While the importance of ultrasound as a symbiotic companion to vibration analysis may be the emphasis of this article, what is often overlooked are the many other amazing ways this technology should be used. Too often, the term CBM is thought of in terms of bearings and rotating machines only. But condition-based monitoring embraces so much more. Consider the following examples:

  • Can a compressed air or vacuum leak stop production? (Yes it can!)
  • Will too many failed steam traps create inefficiency, energy waste and poor product quality? (Of course they will!)
  • What are the potential hazards if an electrical fault in metal-clad switchgear goes undetected? (Fire, explosion, injury and death!)
  • What can happen to a process when a closed valve is not really closed? (Contamination and product waste, to name a few.)
  • What consequences can arise from a blockage in a hydraulic system? (Production lag or shutdown.)
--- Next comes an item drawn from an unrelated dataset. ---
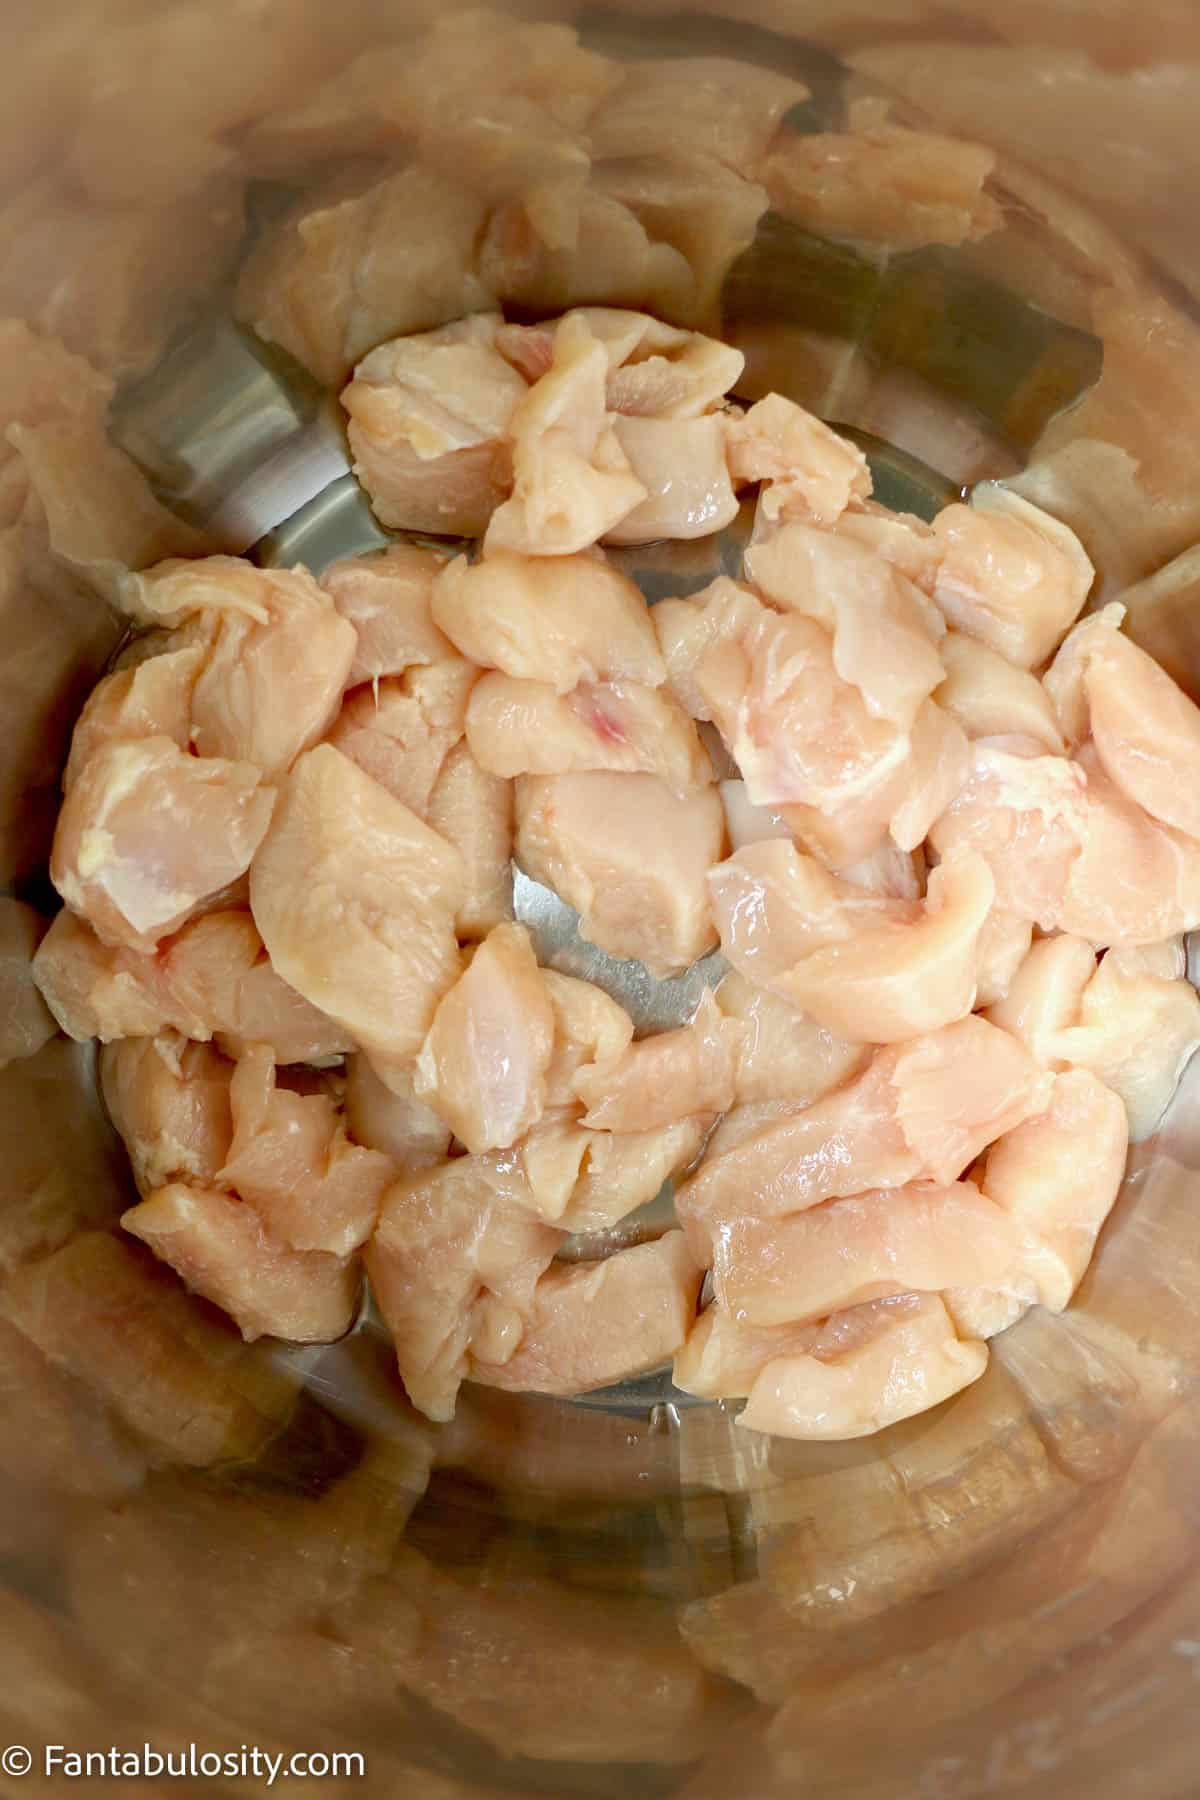 Raw chicken breast pieces in an Instant Pot.

Any one of these faults can negatively impact uptime and all of them can be monitored with ultrasound. Do any of the above fault conditions rotate? No, but they still require CBM. Ultrasonic CBM reveals the condition of non-rotating assets that are just as essential to uptime as things that rotate. When compressed air leaks are discovered with ultrasound, it reveals the condition of the compressed air system; it leaks! When failed steam traps are identified, the condition of the steam system is determined; it’s inefficient!
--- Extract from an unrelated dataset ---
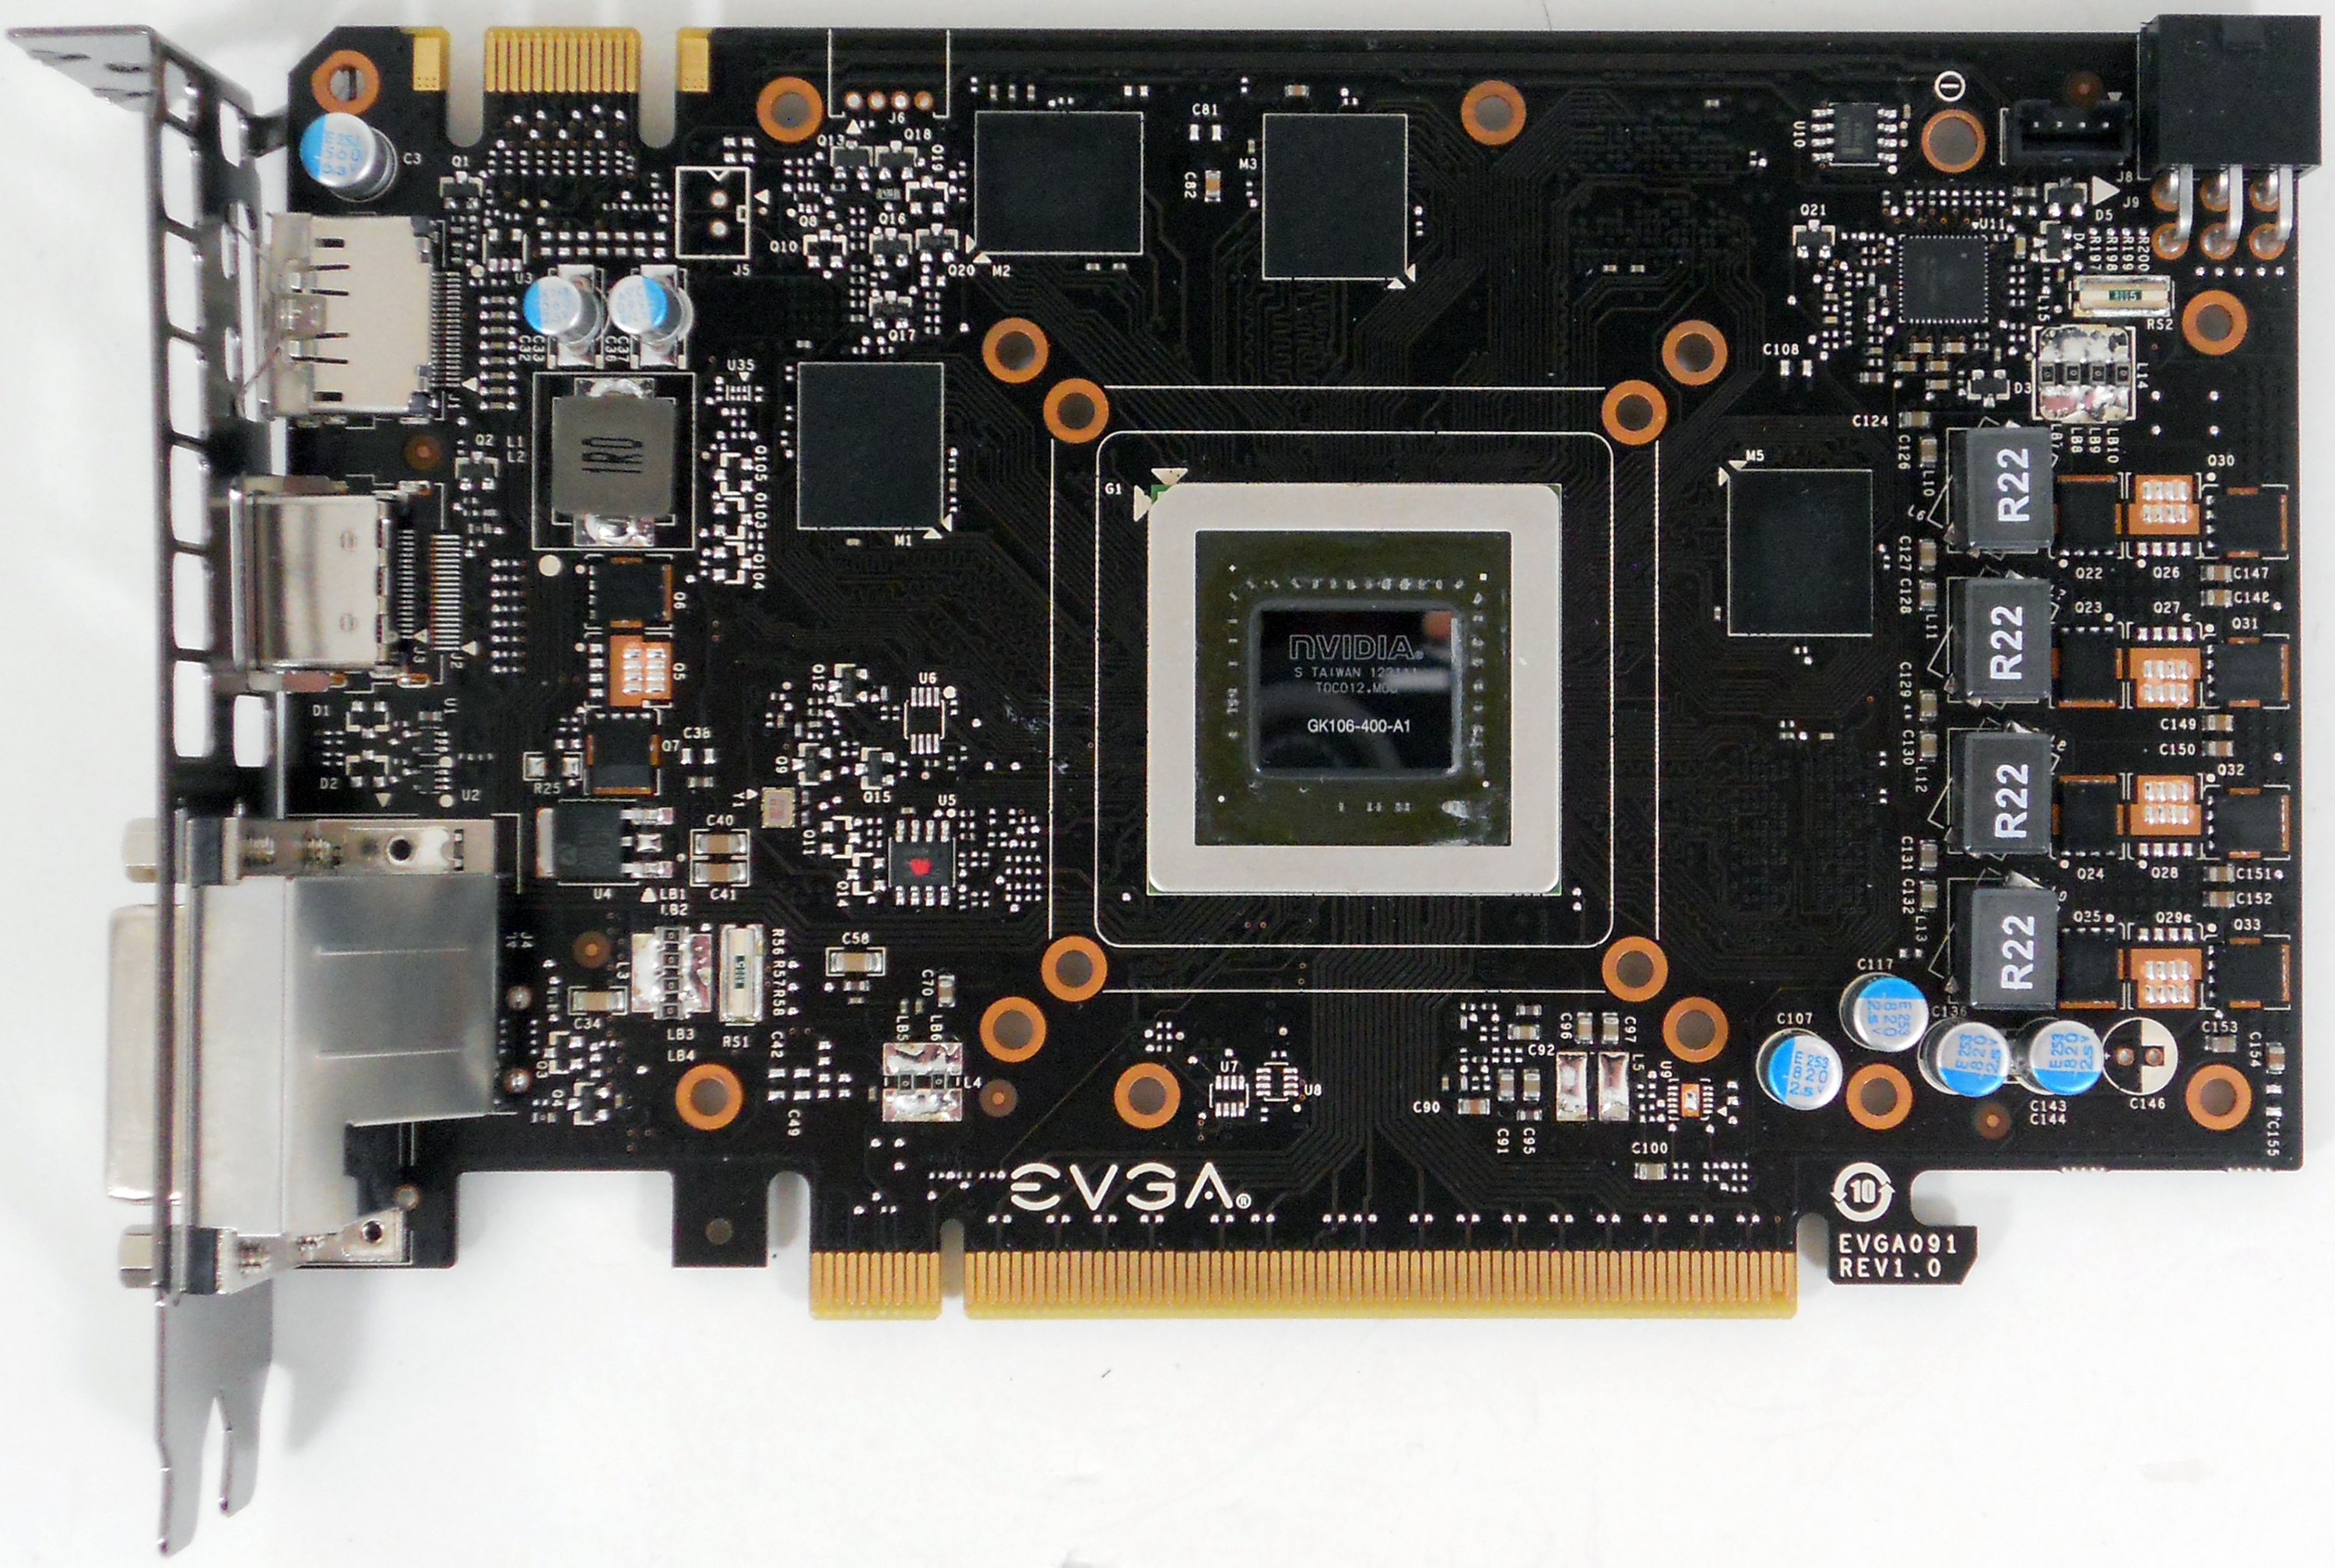 Meet The Geforce Gtx 660 The Nvidia Geforce Gtx 660 Review Gk106 Fills Out The Kepler Family

Reliability practitioners identify ultrasound as an important technology for determining both symptom and cause of mechanical defects. Ultrasound provides the earliest warning that a bearing is developing a defect and entering failure stage. As a symbiotic companion to vibration analysis, ultrasound delivers a more complete picture about the health of rotating assets. Understanding the full range of opportunities ultrasound presents ensures the technology is used for all its intended purposes and not just for things that turn. It is equally important that the term CBM be associated with more than just bearings.